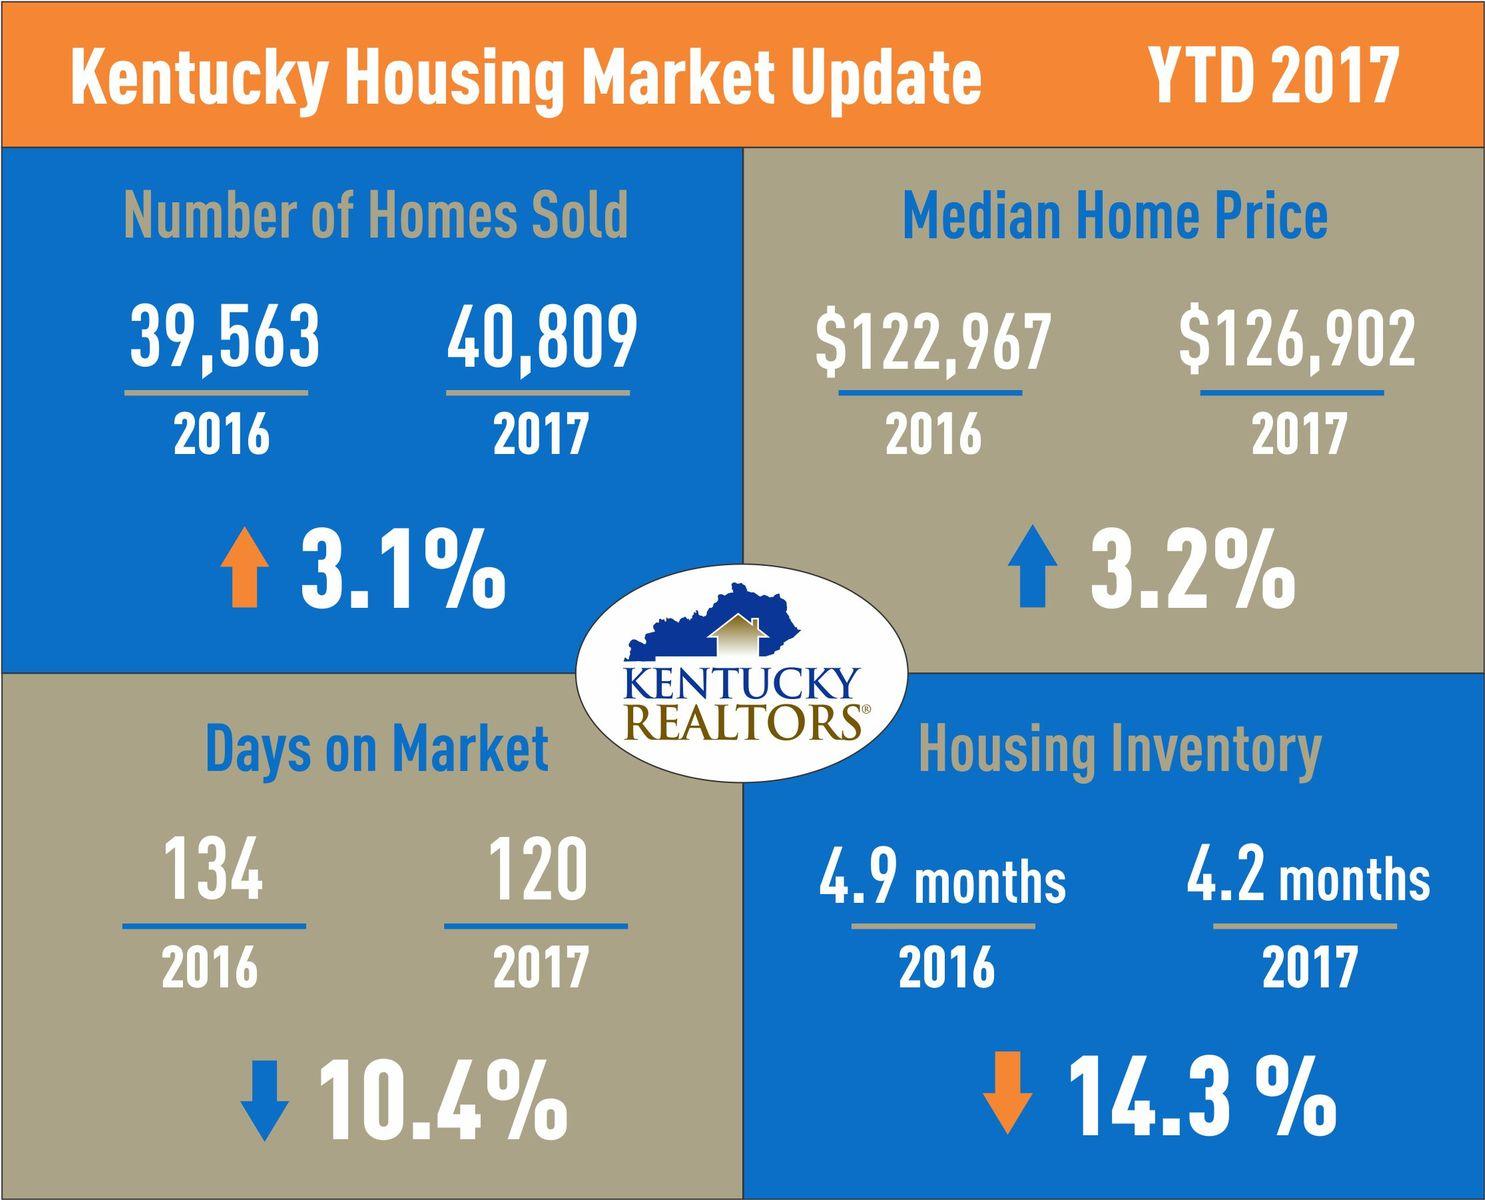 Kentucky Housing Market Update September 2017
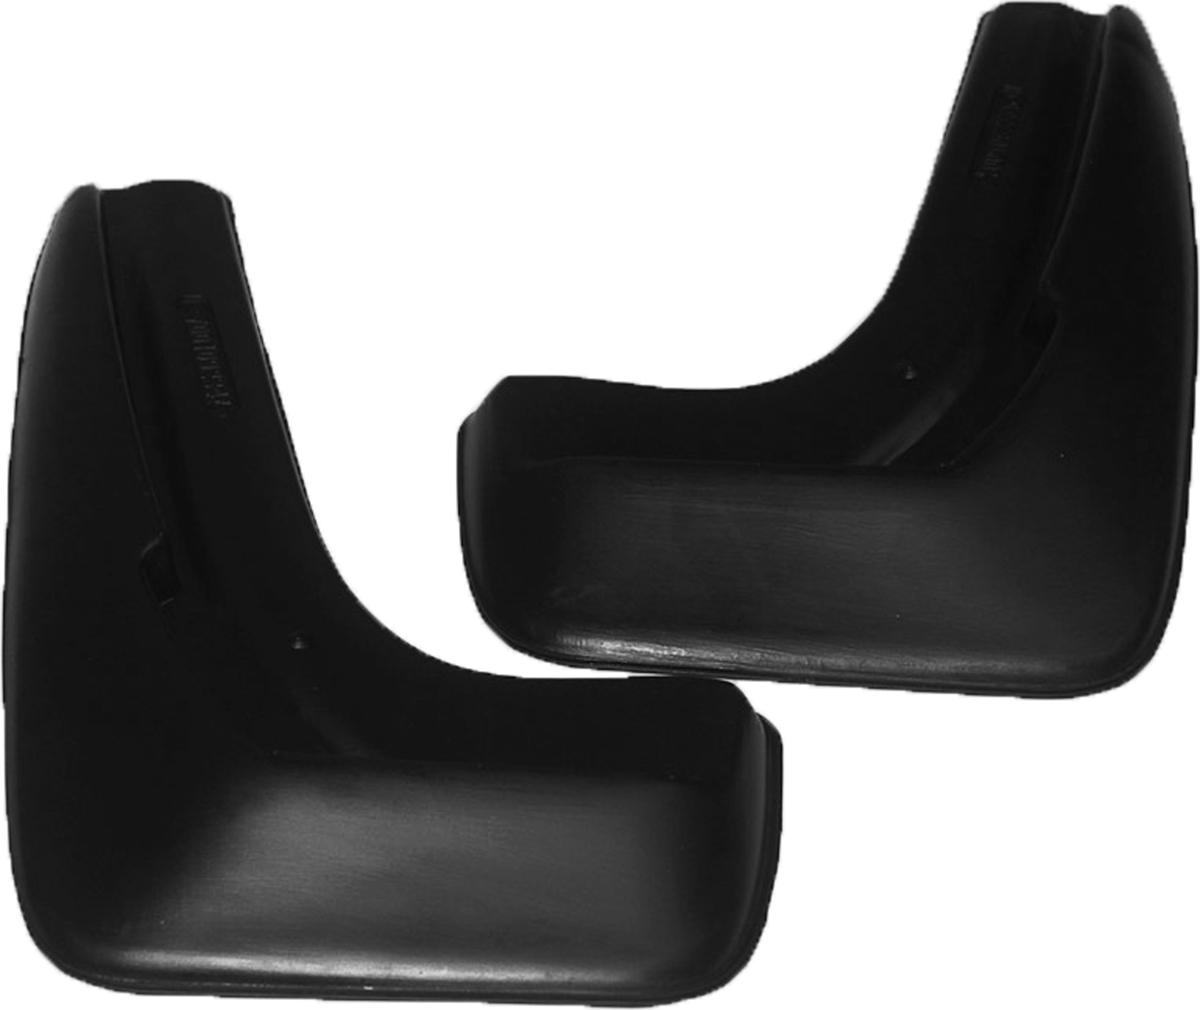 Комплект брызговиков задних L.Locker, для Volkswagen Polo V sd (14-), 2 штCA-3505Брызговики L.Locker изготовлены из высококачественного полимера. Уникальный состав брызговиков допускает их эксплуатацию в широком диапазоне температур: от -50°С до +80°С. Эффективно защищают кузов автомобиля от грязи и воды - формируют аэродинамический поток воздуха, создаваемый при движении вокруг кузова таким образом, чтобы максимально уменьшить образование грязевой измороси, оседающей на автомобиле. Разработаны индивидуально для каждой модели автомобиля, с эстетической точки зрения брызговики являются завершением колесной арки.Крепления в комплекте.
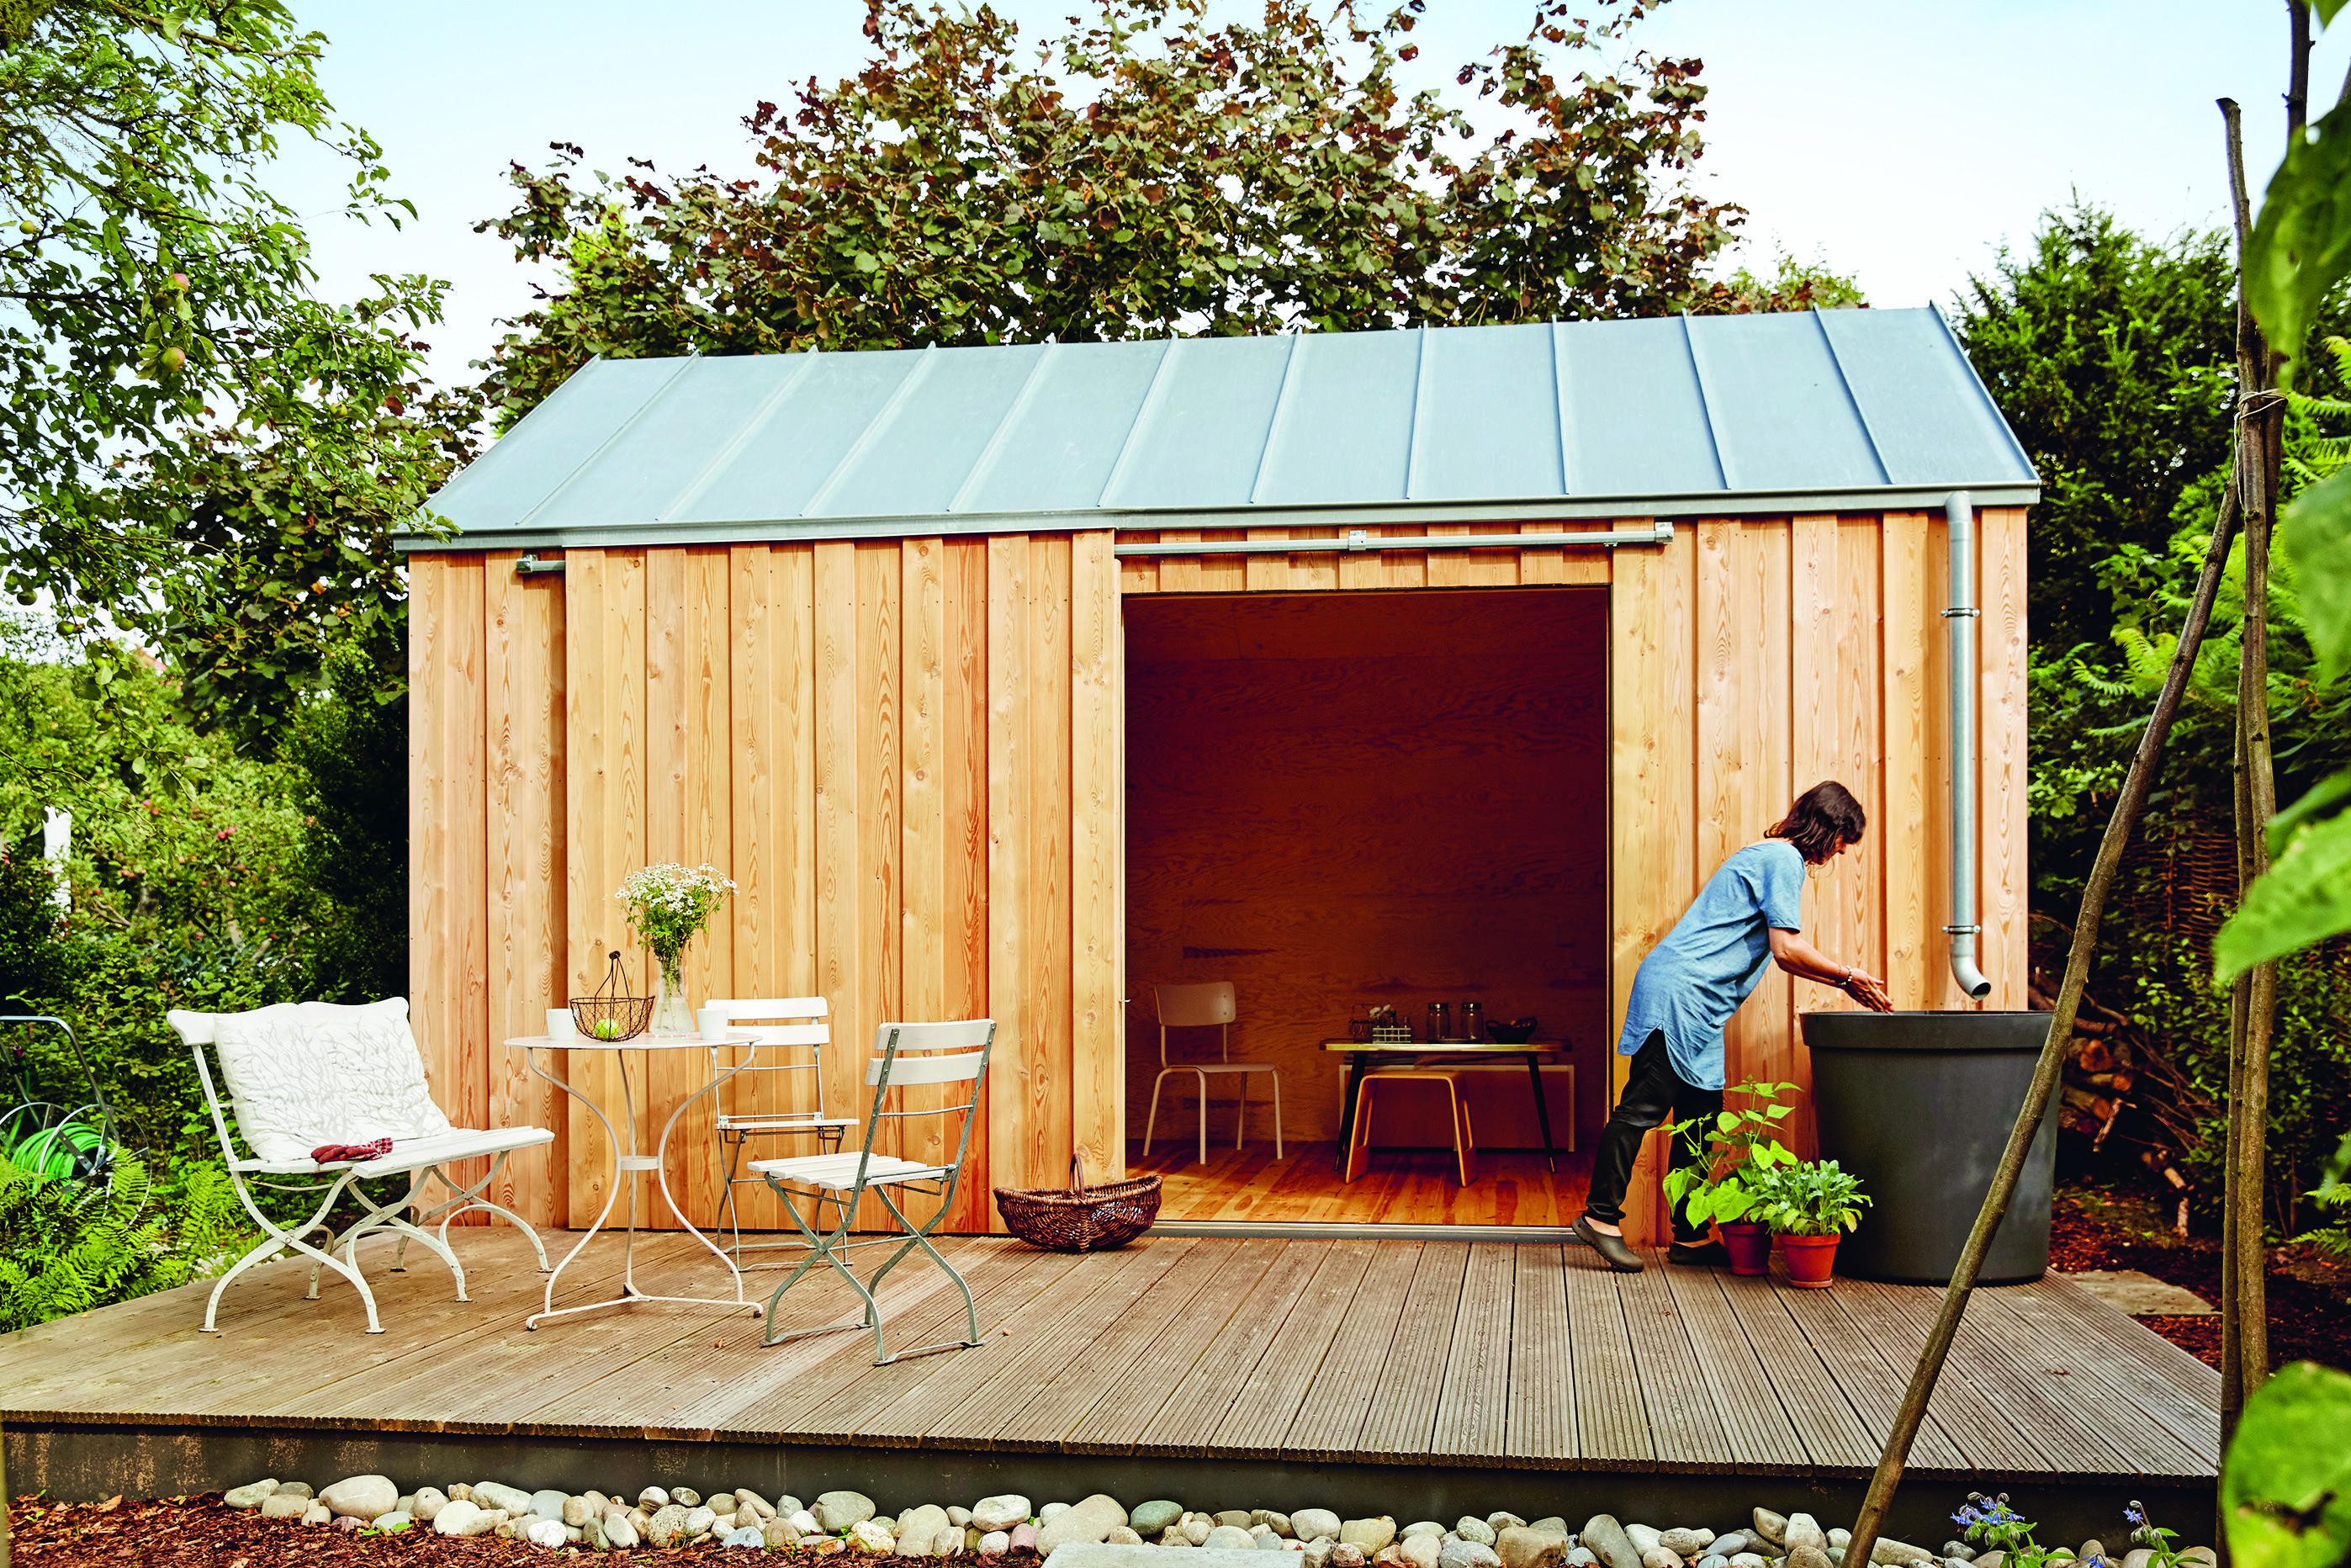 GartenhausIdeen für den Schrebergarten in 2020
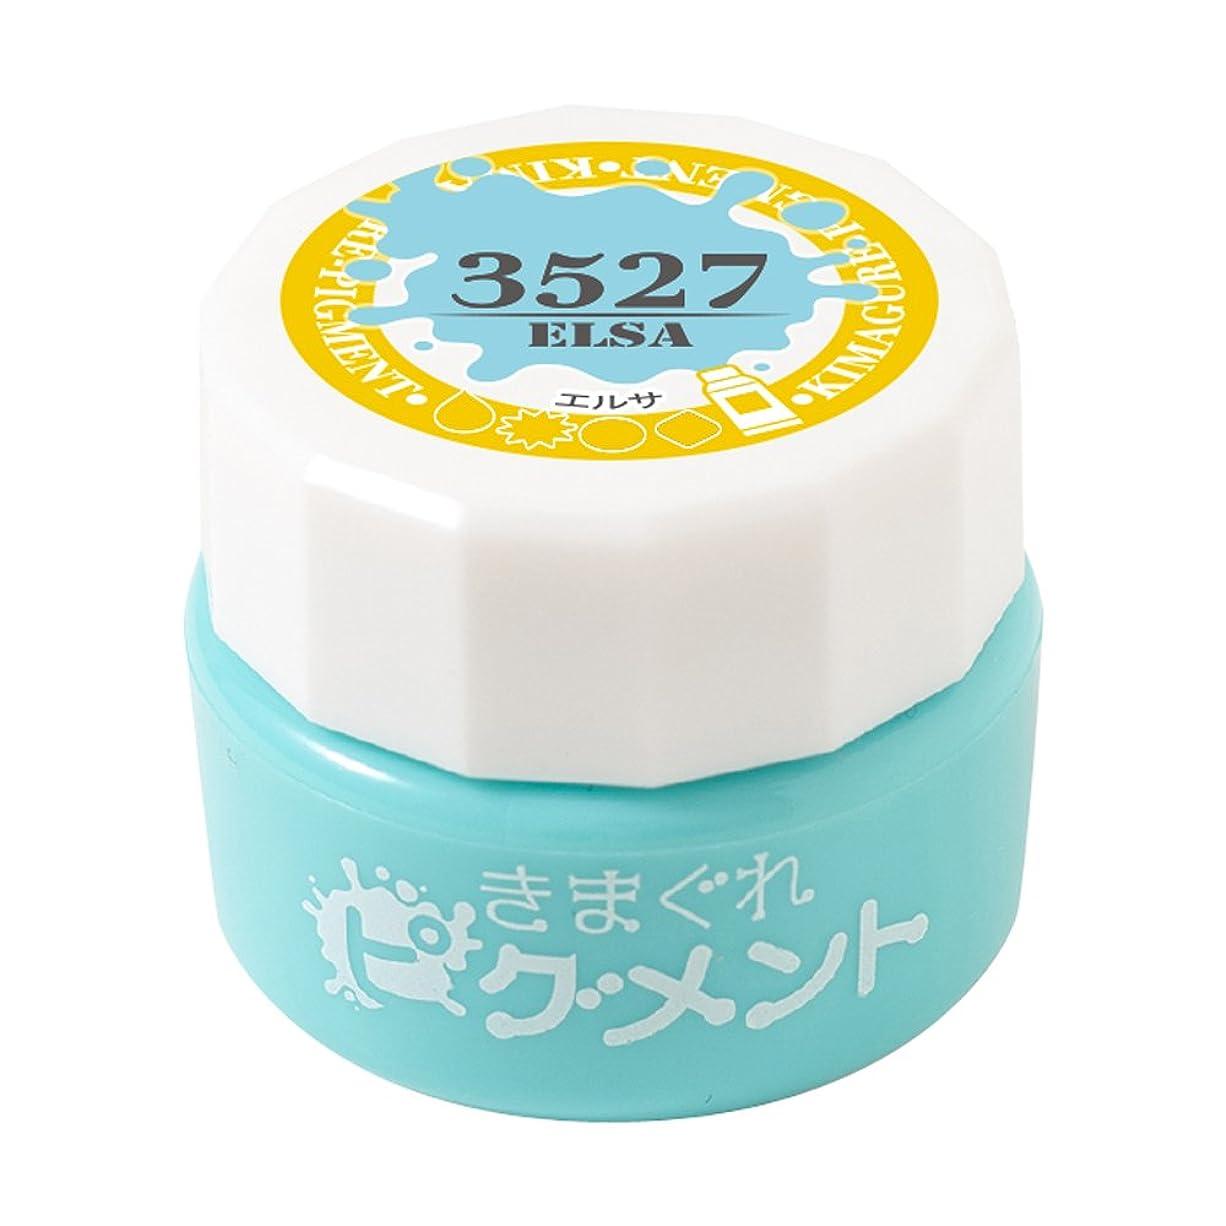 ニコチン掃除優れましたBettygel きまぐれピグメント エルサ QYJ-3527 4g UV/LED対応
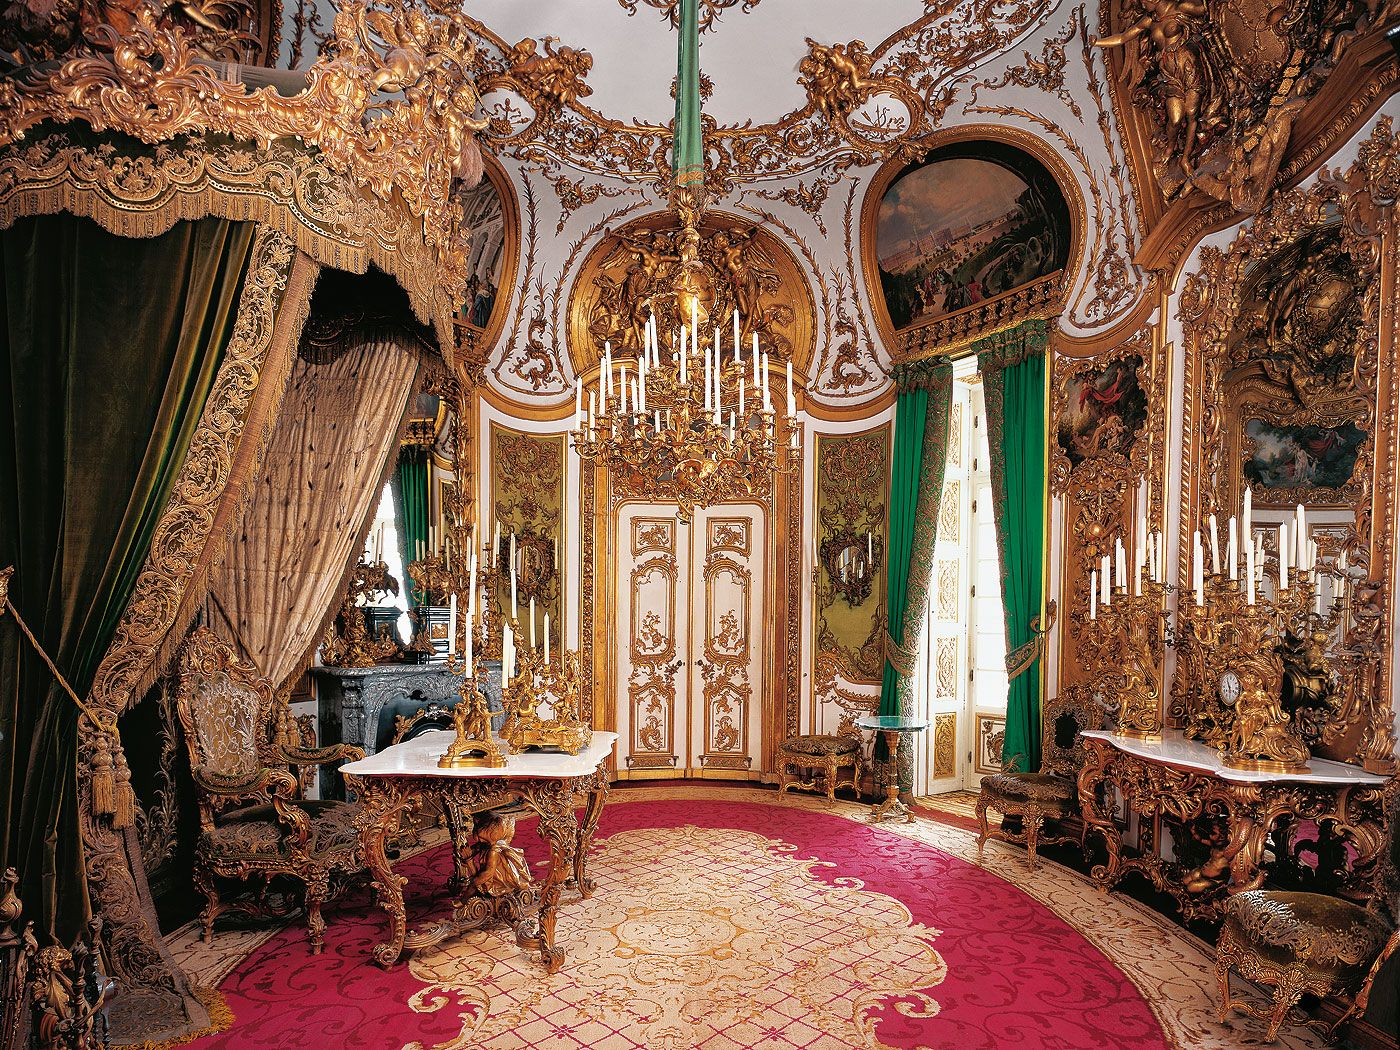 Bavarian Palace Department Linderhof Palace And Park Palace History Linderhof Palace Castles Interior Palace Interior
——————
What to work on: Please return only the lines running from the line with "Комплект брызговиков задних" to the final line of the data, both included, exactly and without any pictures.

Response below:
 Комплект брызговиков задних L.Locker, для Volkswagen Polo V sd (14-), 2 штCA-3505Брызговики L.Locker изготовлены из высококачественного полимера. Уникальный состав брызговиков допускает их эксплуатацию в широком диапазоне температур: от -50°С до +80°С. Эффективно защищают кузов автомобиля от грязи и воды - формируют аэродинамический поток воздуха, создаваемый при движении вокруг кузова таким образом, чтобы максимально уменьшить образование грязевой измороси, оседающей на автомобиле. Разработаны индивидуально для каждой модели автомобиля, с эстетической точки зрения брызговики являются завершением колесной арки.Крепления в комплекте.
 GartenhausIdeen für den Schrebergarten in 2020
 ニコチン掃除優れましたBettygel きまぐれピグメント エルサ QYJ-3527 4g UV/LED対応
 Bavarian Palace Department Linderhof Palace And Park Palace History Linderhof Palace Castles Interior Palace Interior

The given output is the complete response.